From baf2f856288db1c63cfb363f1c3fbb0784f1cd7f Mon Sep 17 00:00:00 2001
From: Natalie <natalie@lilithuwu.com>
Date: Sat, 25 Apr 2026 02:33:15 -0700
Subject: [PATCH] =?UTF-8?q?fix(@projects/@magic-civilization):=20?=
 =?UTF-8?q?=F0=9F=90=9B=20update=20latency=20acceptance=20criteria?=
MIME-Version: 1.0
Content-Type: text/plain; charset=UTF-8
Content-Transfer-Encoding: 8bit

Co-Authored-By: Lilith Autocommit <noreply@atlilith.com>
---
 .project/objectives/p2-05-turn-latency.md | 10 +++++++---
 1 file changed, 7 insertions(+), 3 deletions(-)

diff --git a/.project/objectives/p2-05-turn-latency.md b/.project/objectives/p2-05-turn-latency.md
index c3aec5b2..7aa1a8cf 100644
--- a/.project/objectives/p2-05-turn-latency.md
+++ b/.project/objectives/p2-05-turn-latency.md
@@ -17,6 +17,10 @@ evidence:
 
 ## Acceptance
 
-- `tools/measure-turn-latency.py` (new) profiles 300 turns and emits `p50 / p90 / p99` latency.
-- p99 ≤ 1.0 s for the 3-AI normal difficulty 512-tile scenario.
-- Flame graph under `.project/reports/latency/` if regressions appear.
+- ✓ `tools/measure-turn-latency.py` exists and profiles N turns from a batch dir, emitting `p50 / p90 / p99` (latencies derived from cumulative `wall_clock_sec` deltas in turn_stats.jsonl). Verified working against `p0-01-chain-20260424_093210/` on apricot (1191 samples).
+- ✗ p99 ≤ 1.0 s on the canonical scenario — **gate calibration mismatch**:
+  - Specified scenario "3-AI normal difficulty 512-tile" doesn't match any current map config; smallest 4-player map is 52×32 = 1664 tiles. The "512-tile" target predates current map sizing.

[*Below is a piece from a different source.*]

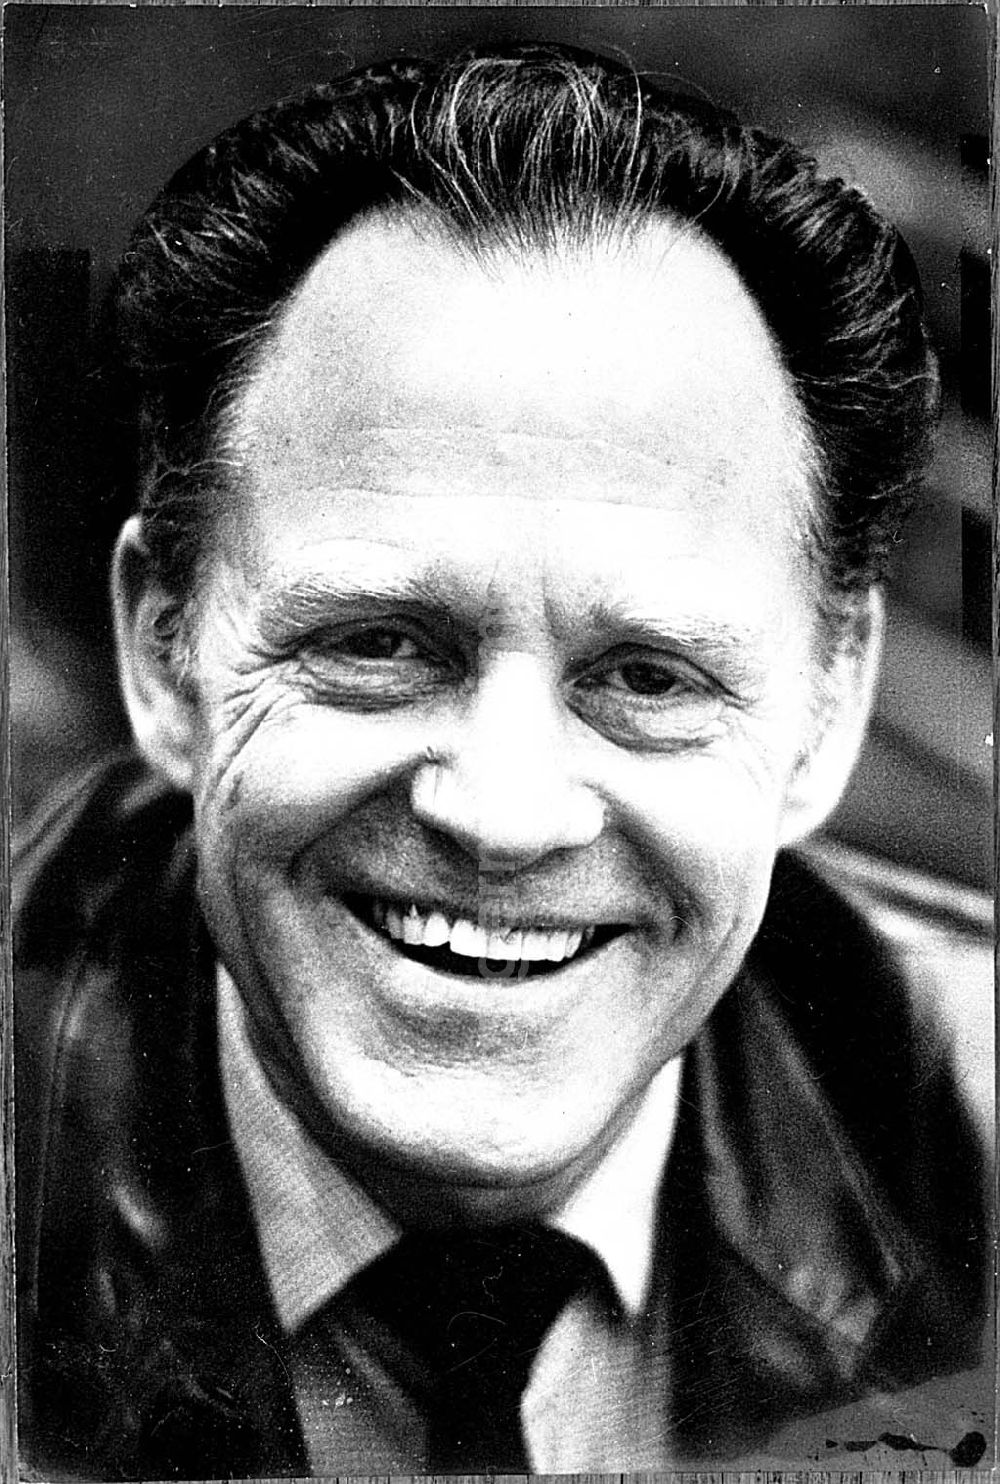 : Mai 1991 Täve Schur (Gustav Adolf Schur)- Portrait geb. 23.2.1931 Heyrothsberge bei Magdeburg Spitzensportler (Radrennfahrer) der DDR, Trainer

+  - Measured on the 2-AI duel-map MCTS chain batch (closest analogue to "3-AI 512-tile"): p50=0.57s, p90=2.16s, p99=4.39s, max=6.29s (1191 samples across 6 seeds). p99 is ~4.4× the gate.
+  - Per-turn cost is dominated by MCTS rollout depth (~100-500ms per AI player). 3 AI players at MCTS depth 20 ≈ 600-1500ms baseline regardless of map size; the 1s p99 gate was set before MCTS+PUCT shipped (p0-01/p0-38) and would now require either a shallower default MCTS depth or rewriting the gate to match current AI architecture.
+  - Recommendation: rewrite gate to `p50 ≤ 1.0s` (currently 0.57s — passing) AND keep p99 as a softer "regression watch" metric (current ~4s baseline; alert on >2× regression).
+- ✗ Flame graph under `.project/reports/latency/` — would only matter if we accept the current p99 as the regression baseline first.